**Problem description**: Copy all the lines of the listing below exactly. Skip the images.

**Supplied data**:
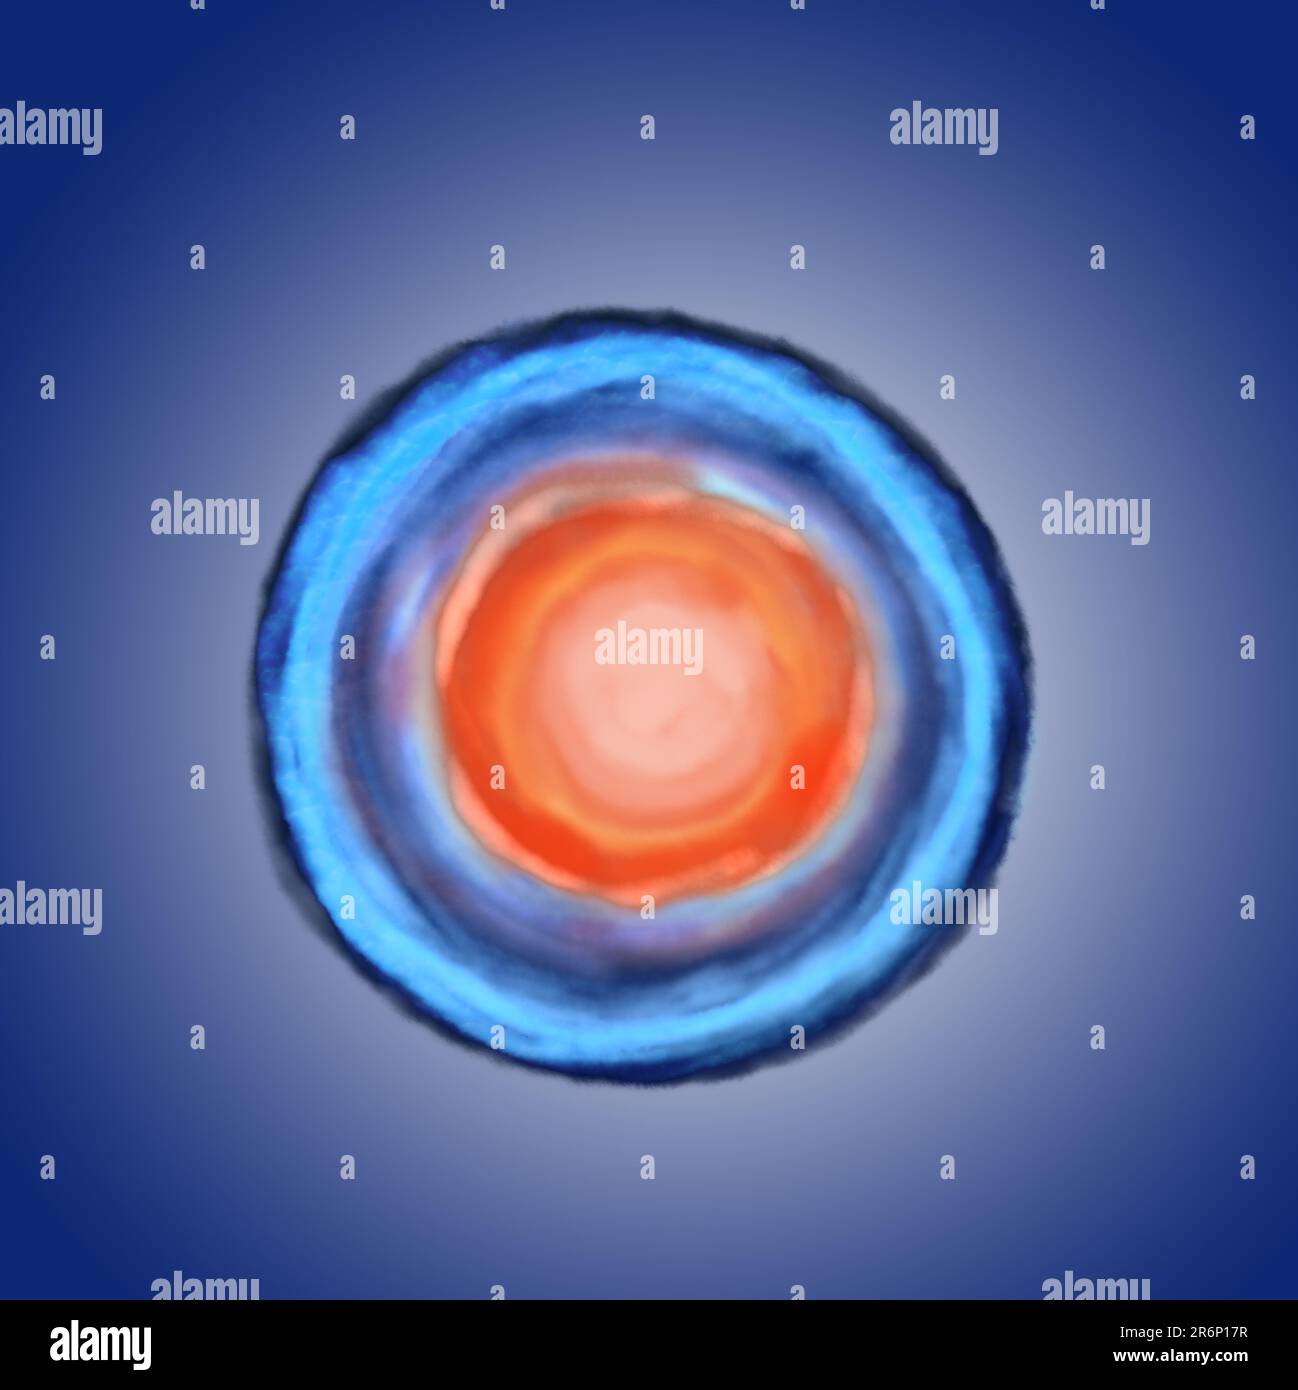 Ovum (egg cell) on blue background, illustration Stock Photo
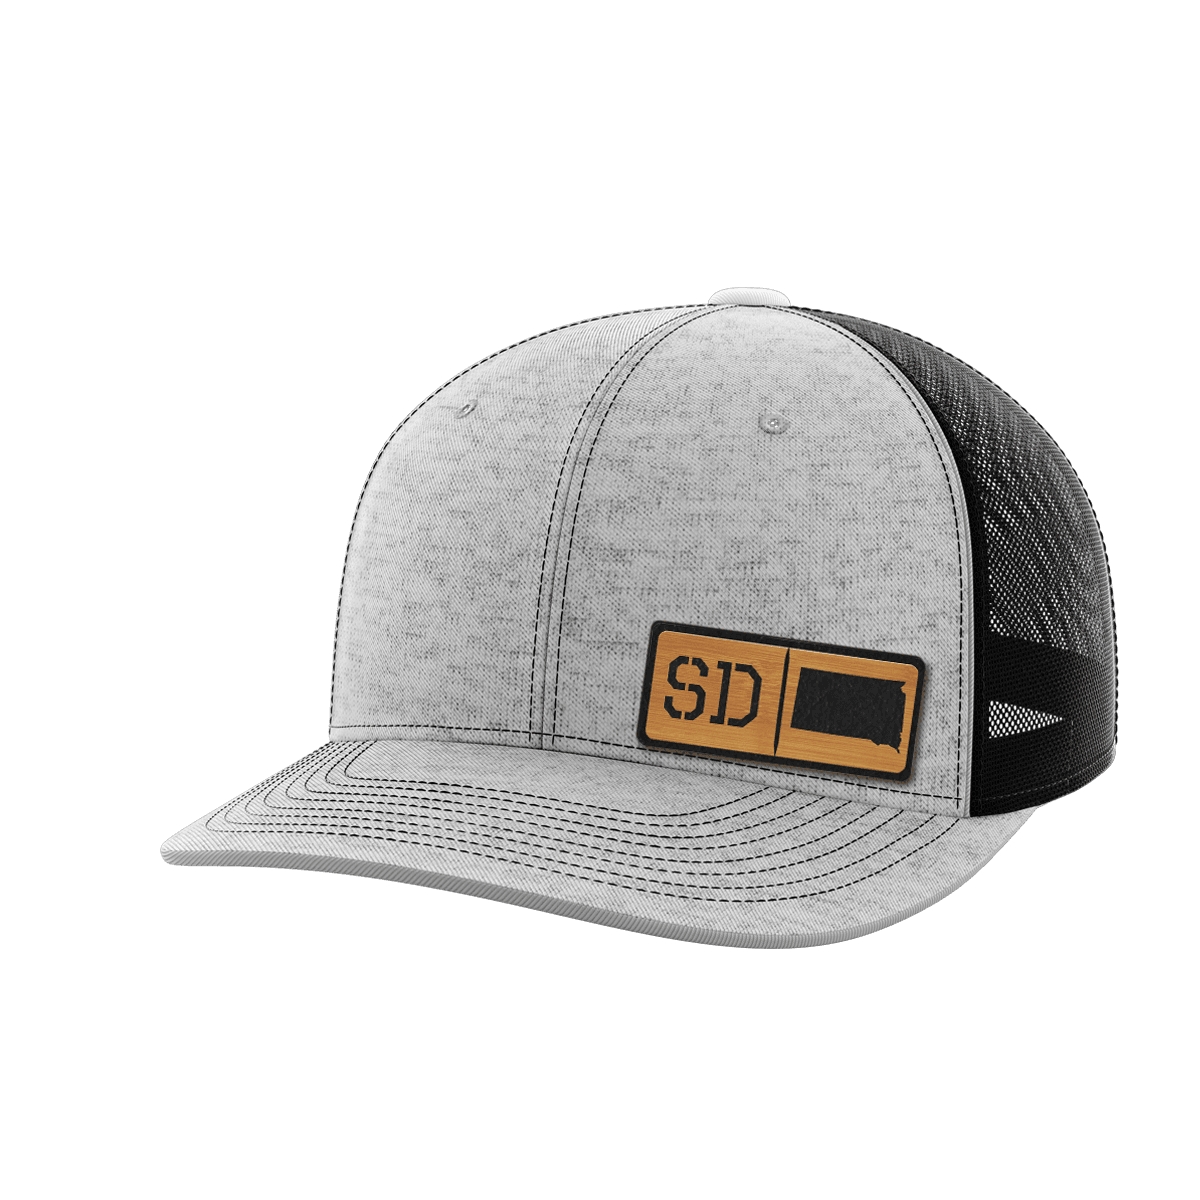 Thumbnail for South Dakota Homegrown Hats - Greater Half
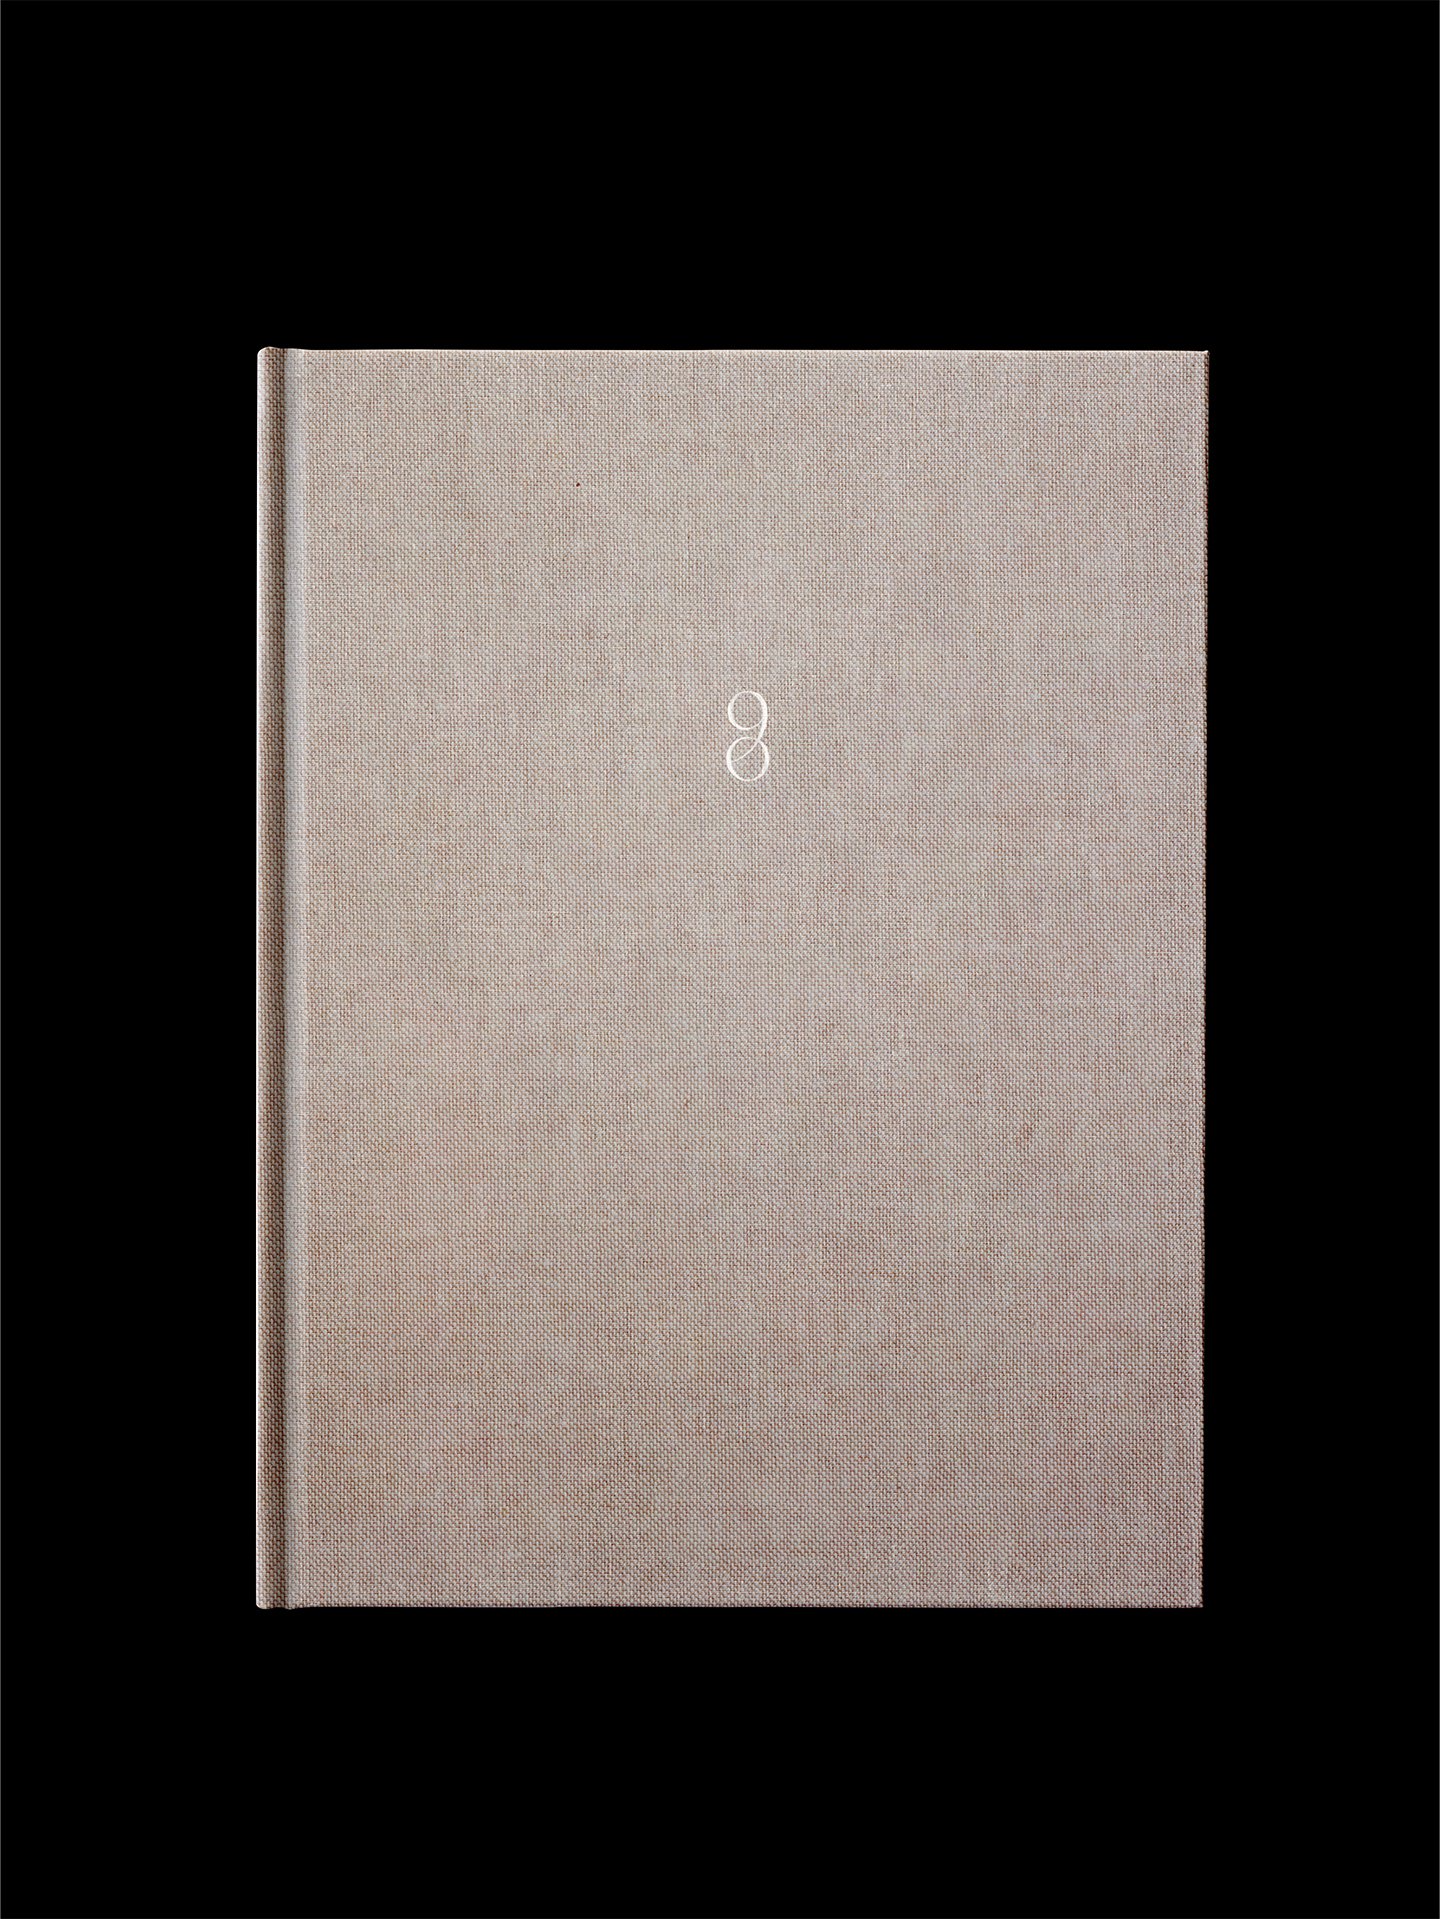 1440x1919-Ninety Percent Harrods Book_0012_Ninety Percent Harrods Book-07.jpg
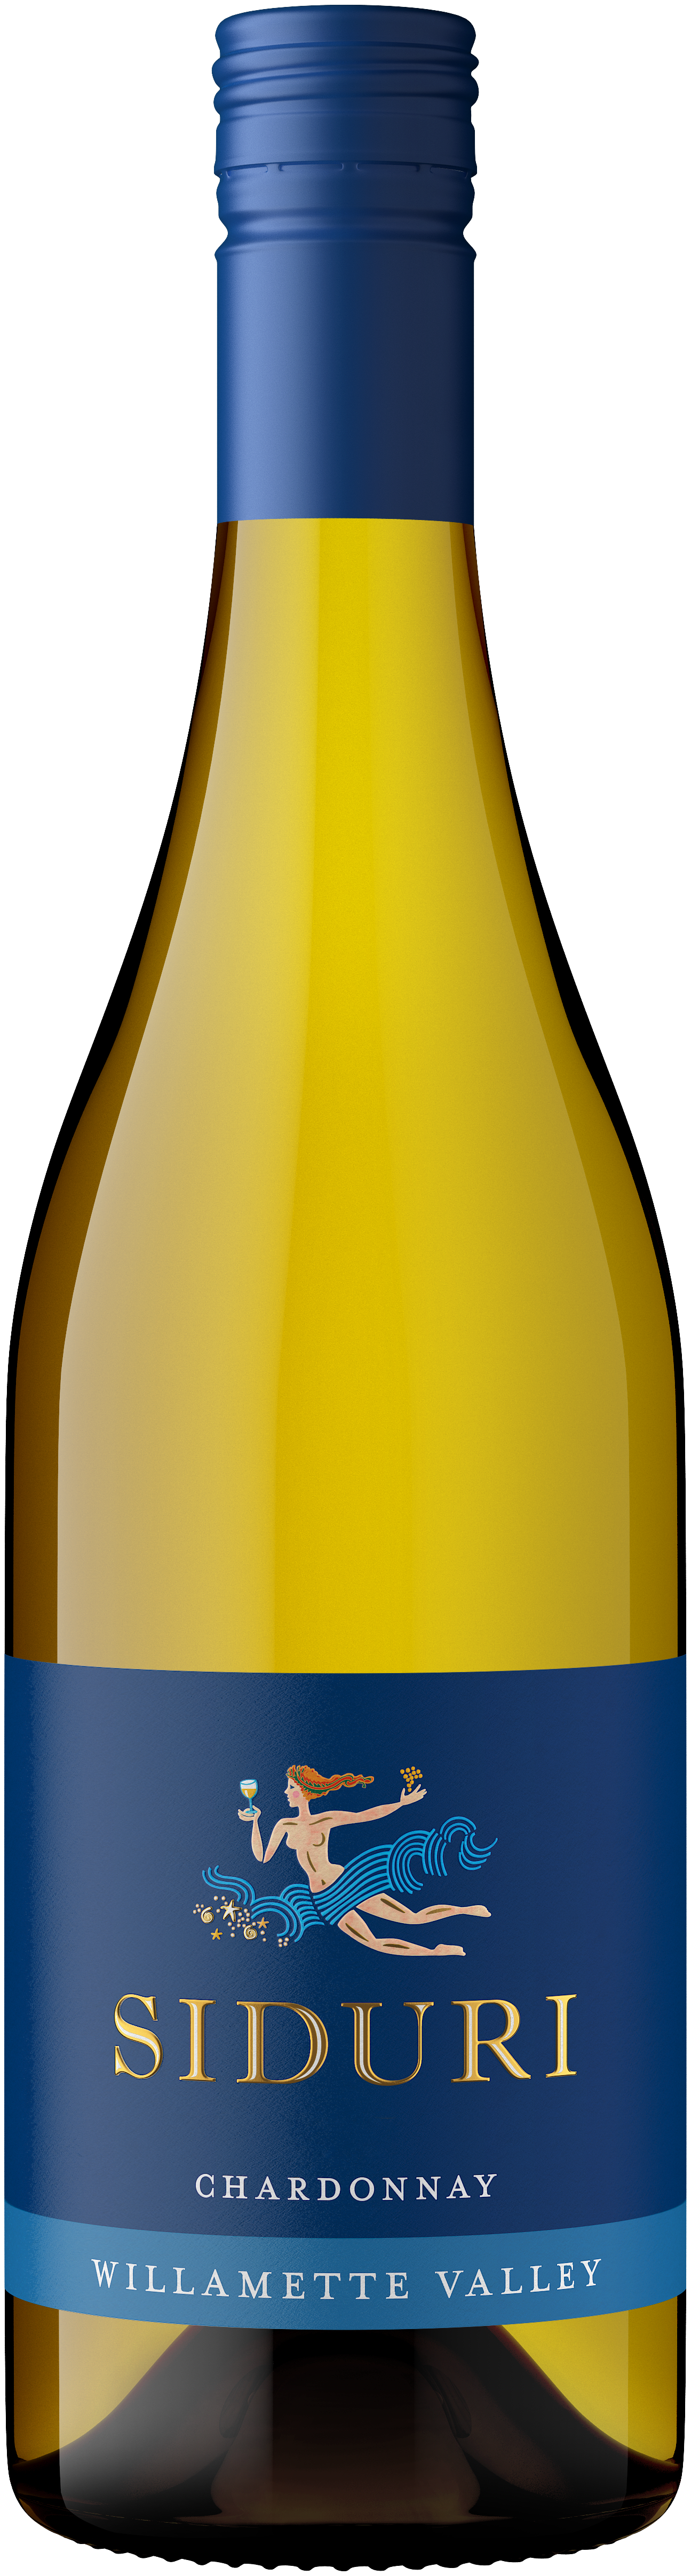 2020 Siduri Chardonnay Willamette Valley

**Answer for this exercise**:
 Ovum (egg cell) on blue background, illustration Stock Photo
 Thumbnail for South Dakota Homegrown Hats - Greater Half
 1440x1919-Ninety Percent Harrods Book_0012_Ninety Percent Harrods Book-07.jpg
 2020 Siduri Chardonnay Willamette Valley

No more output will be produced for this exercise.